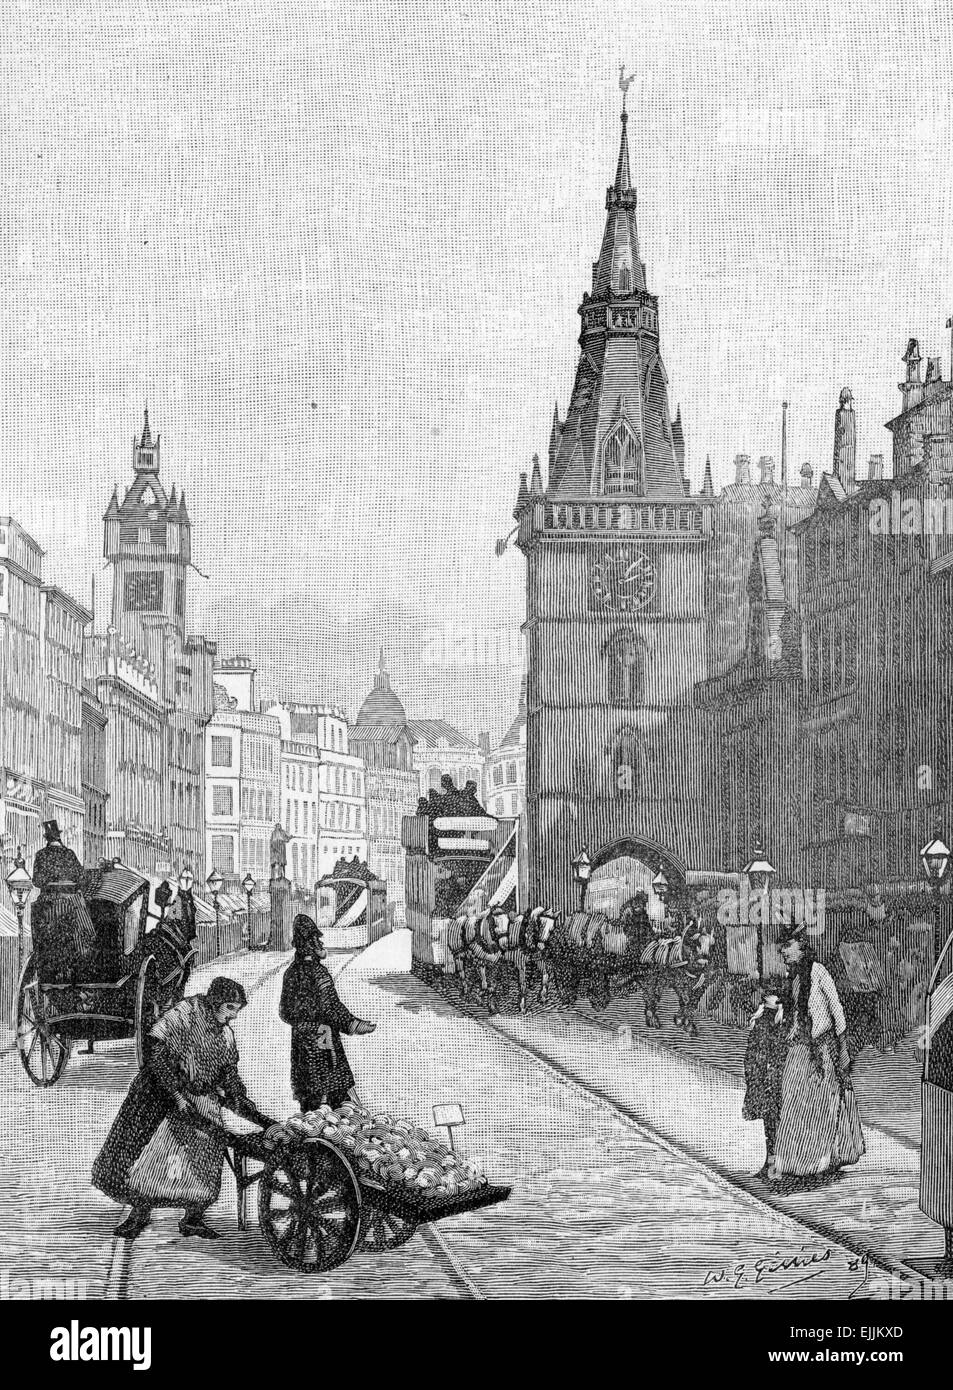 Street scene from 18th Century Glasgow, engraving from Selections from the Journal of John Wesley, 1891 Stock Photo
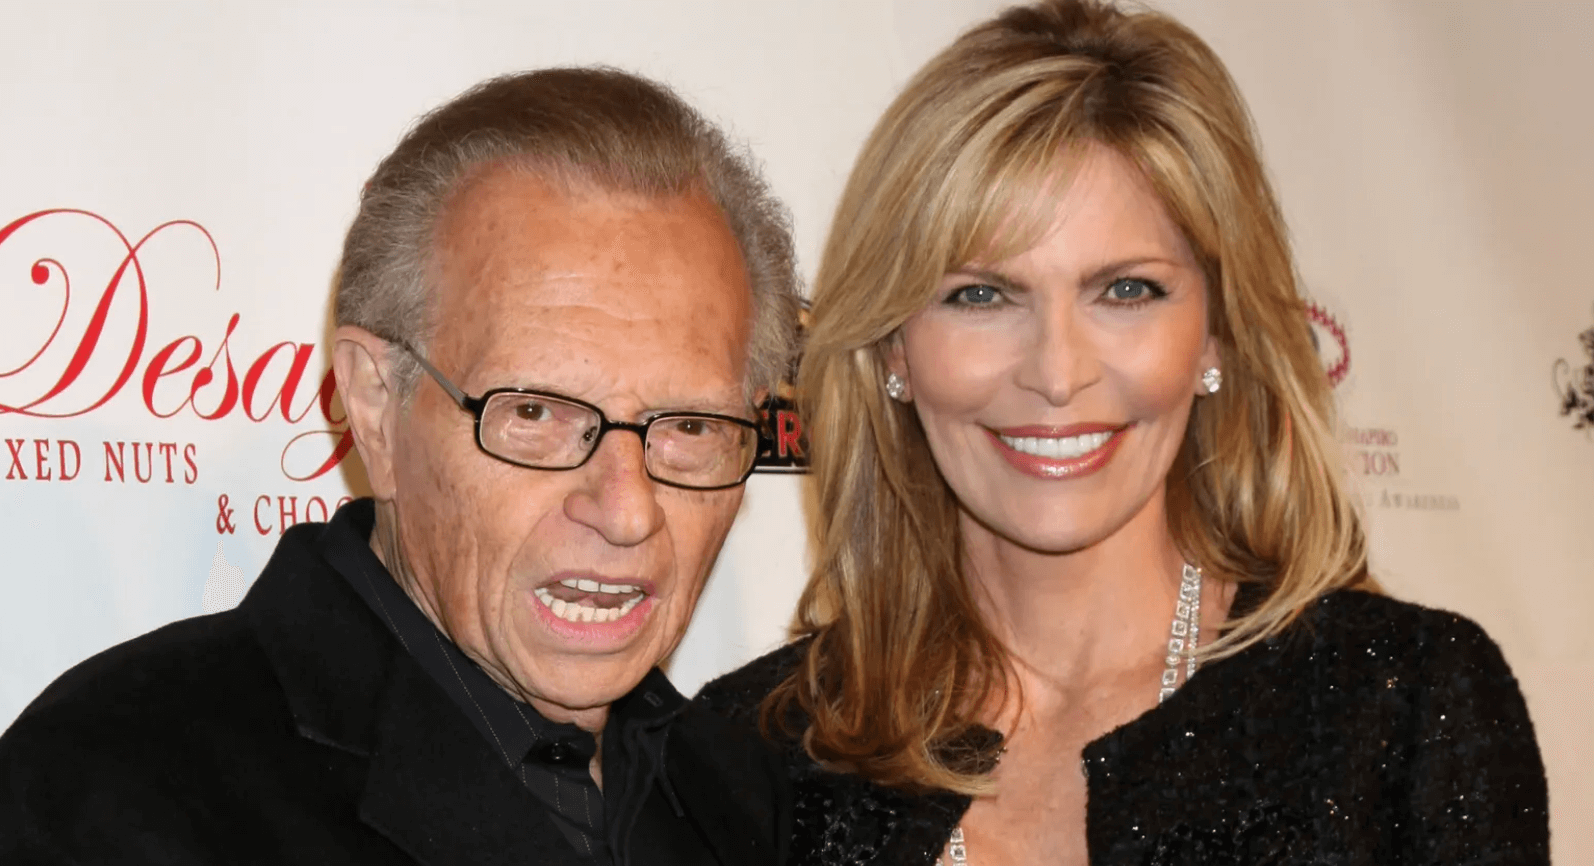 Larry King’s Ex-Wife Files Papers to Challenge Will After Being Excluded!
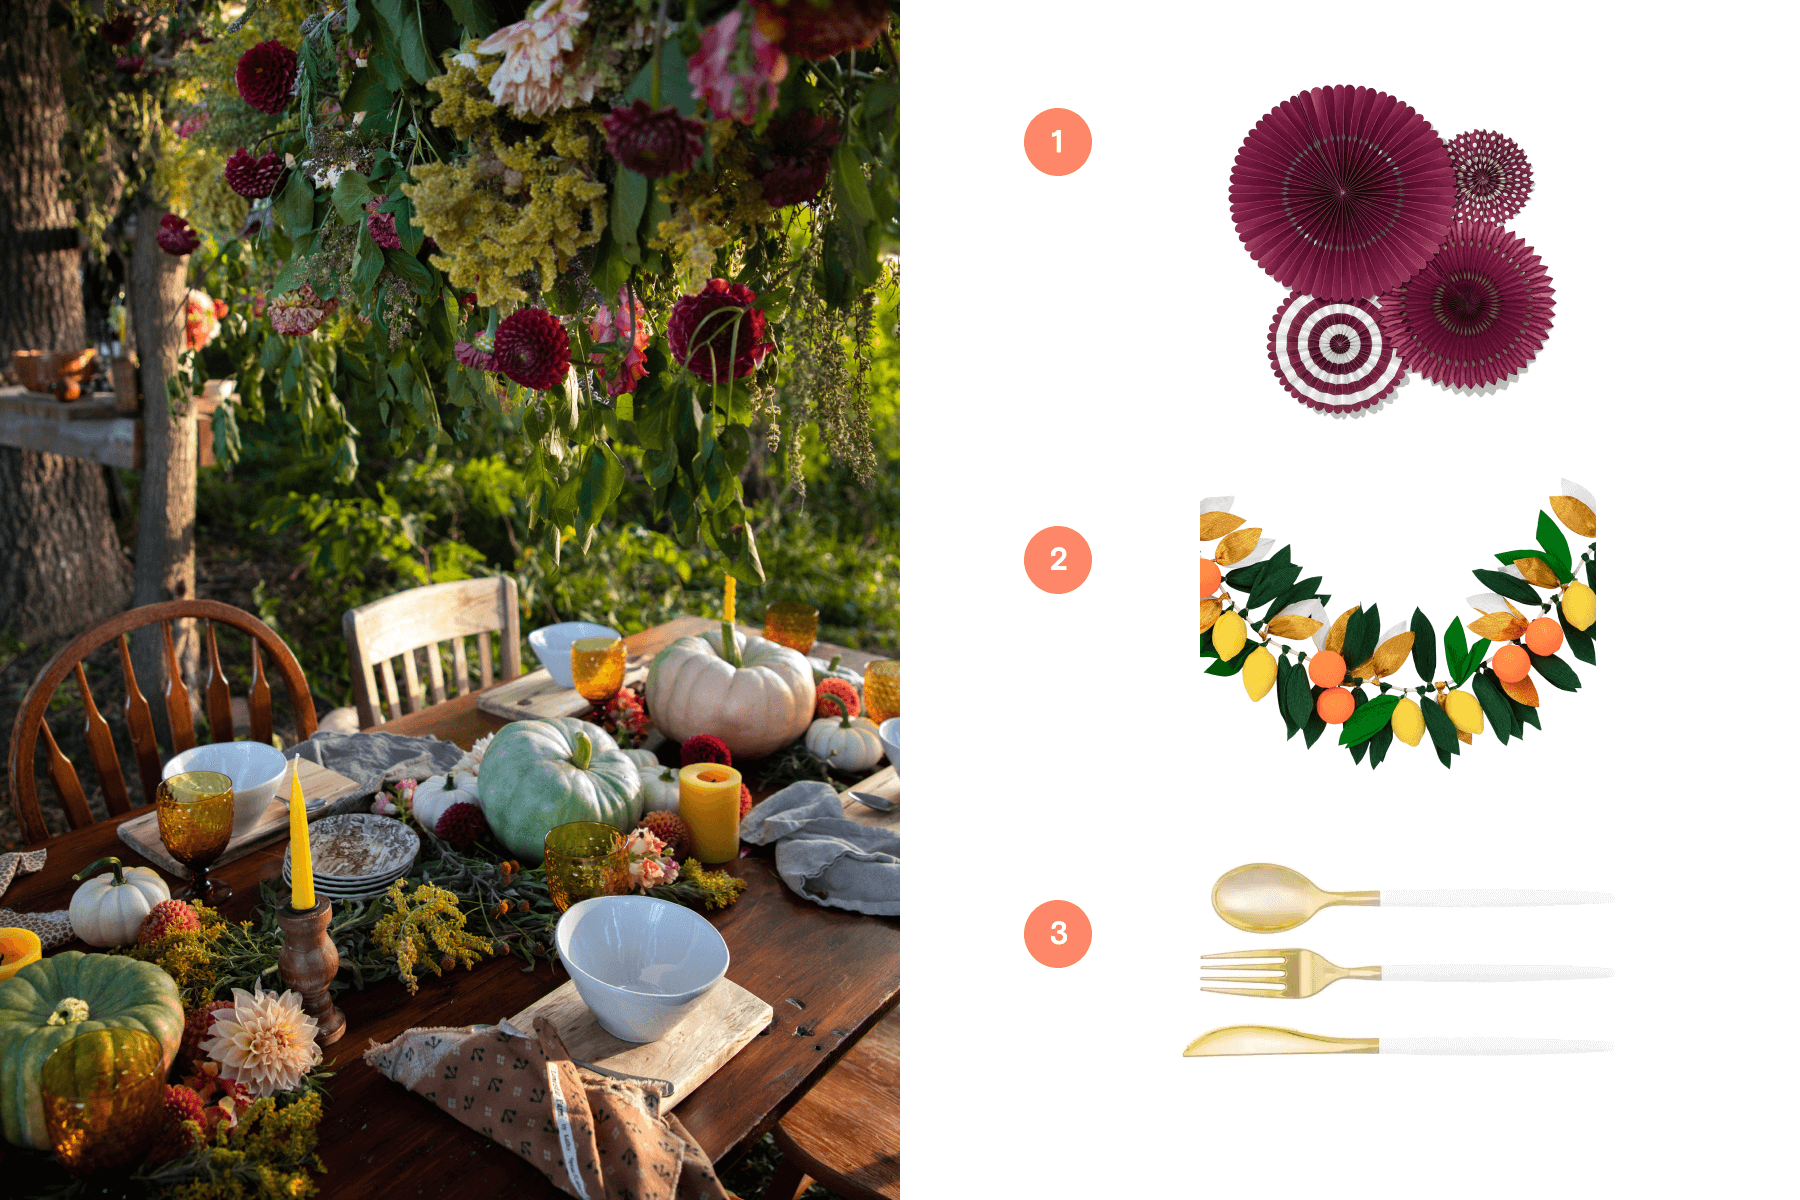 Left: An outdoor wooden table is set with colorful gourds, yellow candles, and a hanging floral arrangement. Right: Purple paper fans, a citrus fruit garland, and gold and white cutlery.

--------

#### [What is needed]
Skipping the pictures, transcribe each line above exactly as it appears.

#### [Reply to the exercise]
 Street scene from 18th Century Glasgow, engraving from Selections from the Journal of John Wesley, 1891 Stock Photo
 Larry King’s Ex-Wife Files Papers to Challenge Will After Being Excluded!
 Left: An outdoor wooden table is set with colorful gourds, yellow candles, and a hanging floral arrangement. Right: Purple paper fans, a citrus fruit garland, and gold and white cutlery.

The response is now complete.